Work item: Produce a word-for-word copy of the line that contains "Шкаф нижний угловой" and each line after it through the end of the material, omitting pictures and all other lines.

Supplied information:
-- Opening Marker --

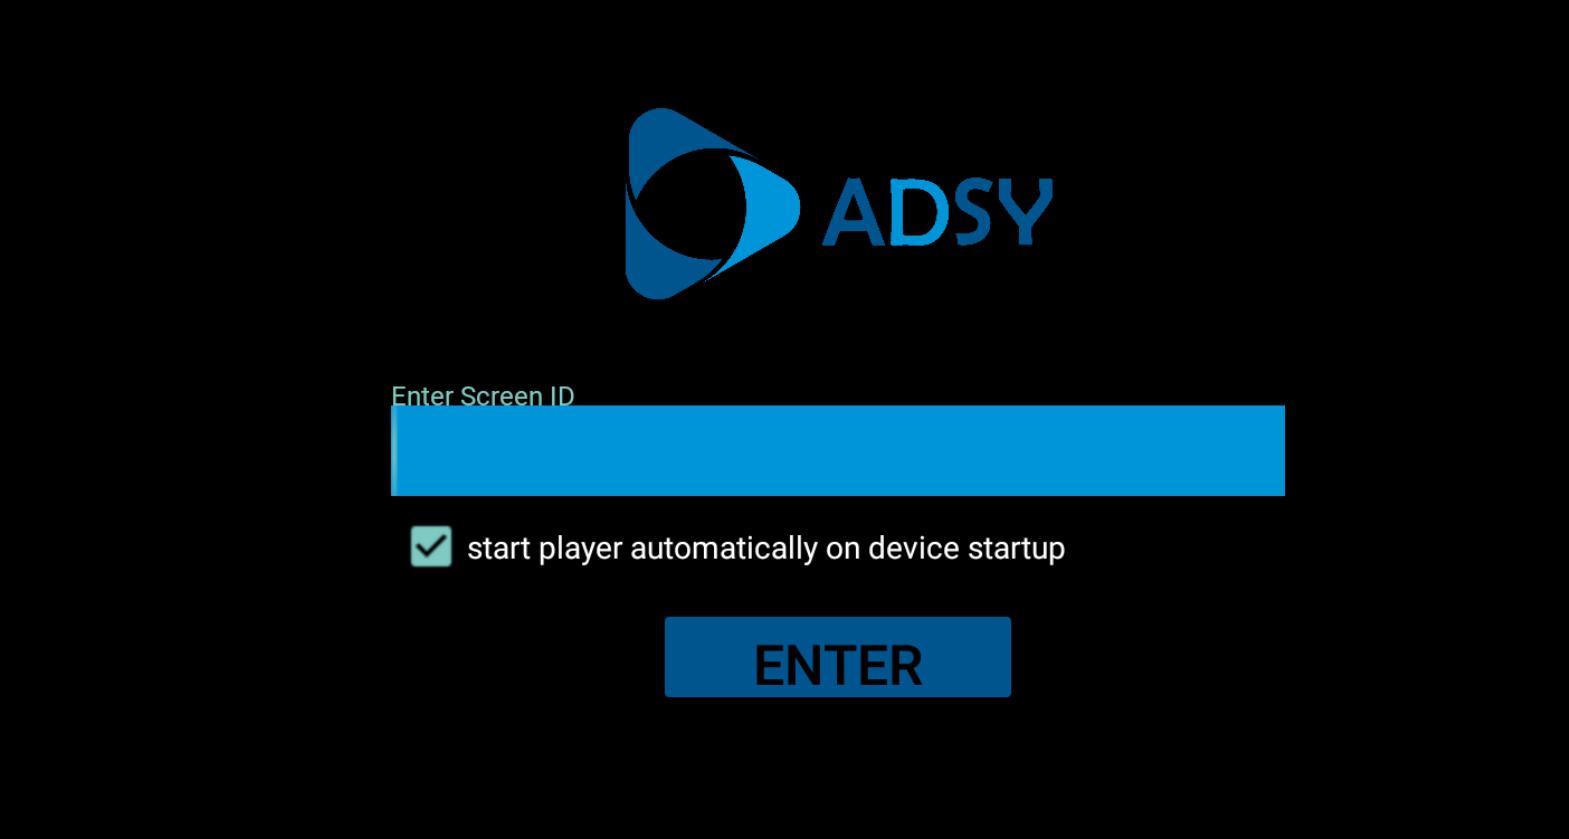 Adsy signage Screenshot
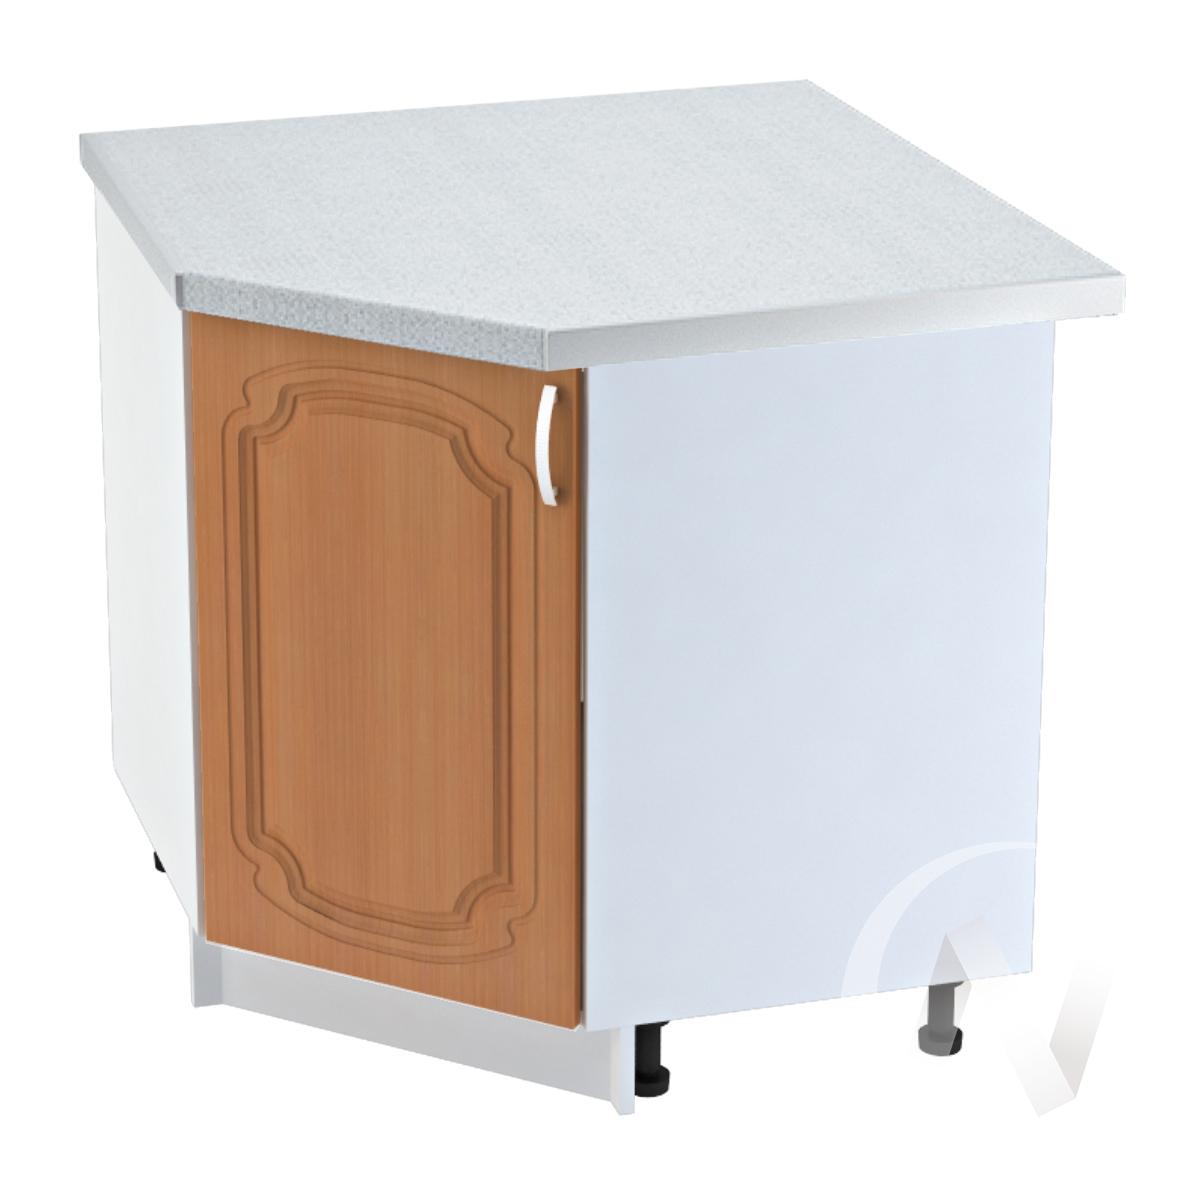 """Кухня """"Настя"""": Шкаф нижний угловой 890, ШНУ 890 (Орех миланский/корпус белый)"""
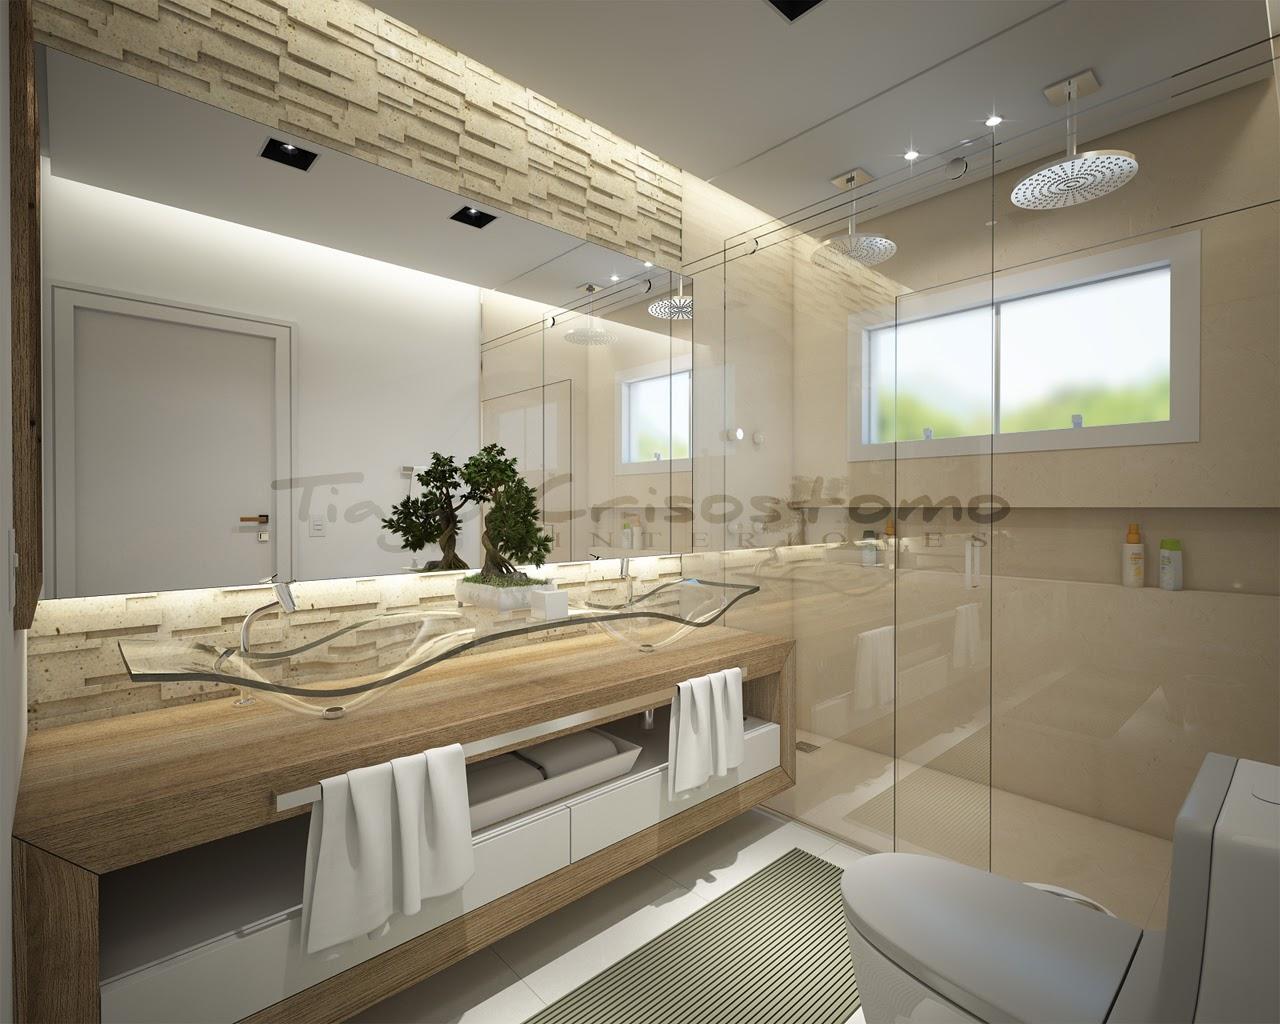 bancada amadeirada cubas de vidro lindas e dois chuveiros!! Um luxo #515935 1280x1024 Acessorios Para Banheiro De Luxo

-- Closing Marker --

Expected output:
 """Кухня """"Настя"""": Шкаф нижний угловой 890, ШНУ 890 (Орех миланский/корпус белый)"""
 bancada amadeirada cubas de vidro lindas e dois chuveiros!! Um luxo #515935 1280x1024 Acessorios Para Banheiro De Luxo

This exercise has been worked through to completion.